Reputation: 2439
I have a large dataframe with normalised and scaled data which should be in a range 0-1. But when I print its maximum values I get - 1.000000002. describe()
method doesn't show this value. So I'm trying to identify the problem and want to print a row in question. All other answers I got across are talking about printing a row with a maximum value of a certain column. How can I print a row which contains a maximum value for the whole dataframe? Will appreciate your help!

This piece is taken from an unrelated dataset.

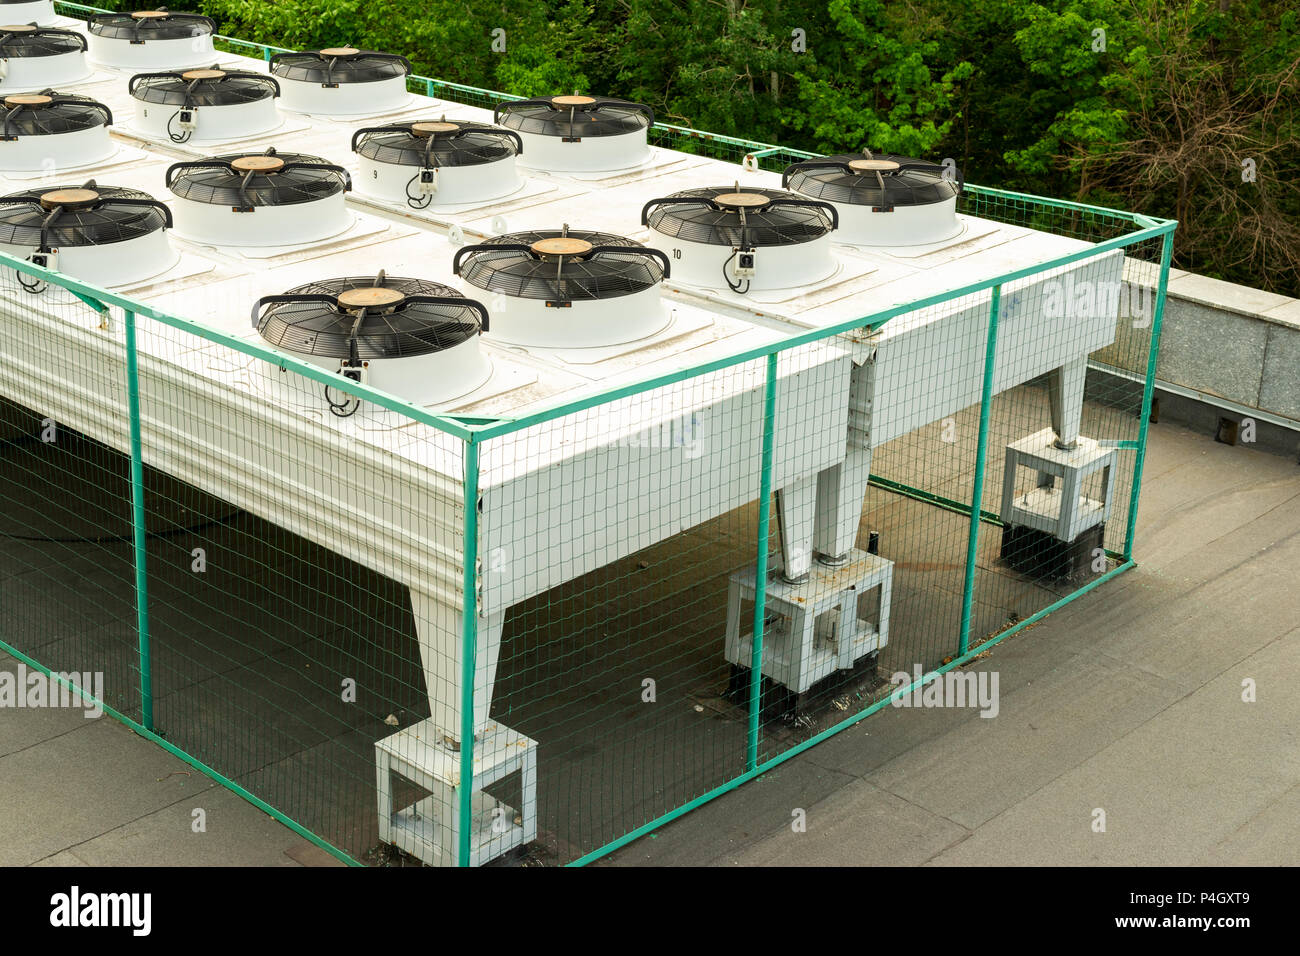 Außenbereich, Industrie - Klimaanlage auf dem Dach des Gebäudes  Stockfotografie - Alamy

test = pd.DataFrame({'att1' : [0.1, 0.001, 0.0001,
1, 2,
0.5, 0, -1, -2],
'att2':[0.01, 0.0001, 0.00001,
1.1, 2.2,
2.37, 0, -1.5, -2.5]})
test.max().max()
Out: 2.37000
Desirable result:
att1 att2
5 0.5 2.37
UPD: I updated the test dataframe as it caused confusions (my fault!). I need to print one row which contains the max value for the whole dataframe.
Upvotes: 1
Views: 2008
Reputation: 25239
Edit:
After OP further explanation, I think comparing values
array to values.max()
is more flexible as follows:
test[test.values == test.values.max()]
It returns the row of max_value of dataframe. In case of att1_max is same as att2_max but on different rows, it returns both rows. In this case, if single row is preferable, add head(1)
to it.
att1_max and att2_max on same row:
Out[660]:
att1 att2
0 0.1000 0.01000
1 0.0010 0.00010
2 0.0001 0.00001
3 1.0000 1.10000
4 2.0000 2.20000
5 2.3000 2.37000
6 0.0000 0.00000
7 -1.0000 -1.50000
8 -2.0000 -2.50000
In [661]: test[test.values == test.values.max()]
Out[661]:
att1 att2
5 2.3 2.37
att1_max and att2_max on different rows:
Out[664]:
att1 att2
0 0.1000 0.01000
1 0.0010 0.00010
2 0.0001 0.00001
3 1.0000 1.10000
4 2.0000 2.20000
5 2.3000 1.37000
6 0.0000 0.00000
7 -1.0000 -1.50000
8 -2.0000 -2.50000
In [665]: test[test.values == test.values.max()]
Out[665]:
att1 att2
5 2.3 1.37
att1_max is same as att2_max but on different rows(this case stack
only returns 1 row while this returns both rows)
Out[668]:
att1 att2
0 0.1000 0.01000
1 25.0500 0.00010
2 0.0001 0.00001
3 1.0000 1.10000
4 2.0000 2.20000
5 2.3000 1.37000
6 0.0000 0.00000
7 -1.0000 25.05000
8 -2.0000 -2.50000
In [669]: test[test.values == test.values.max()]
Out[669]:
att1 att2
1 25.05 0.0001
7 -1.00 25.0500
Note: in the last case, if returning single is required, just add head(1)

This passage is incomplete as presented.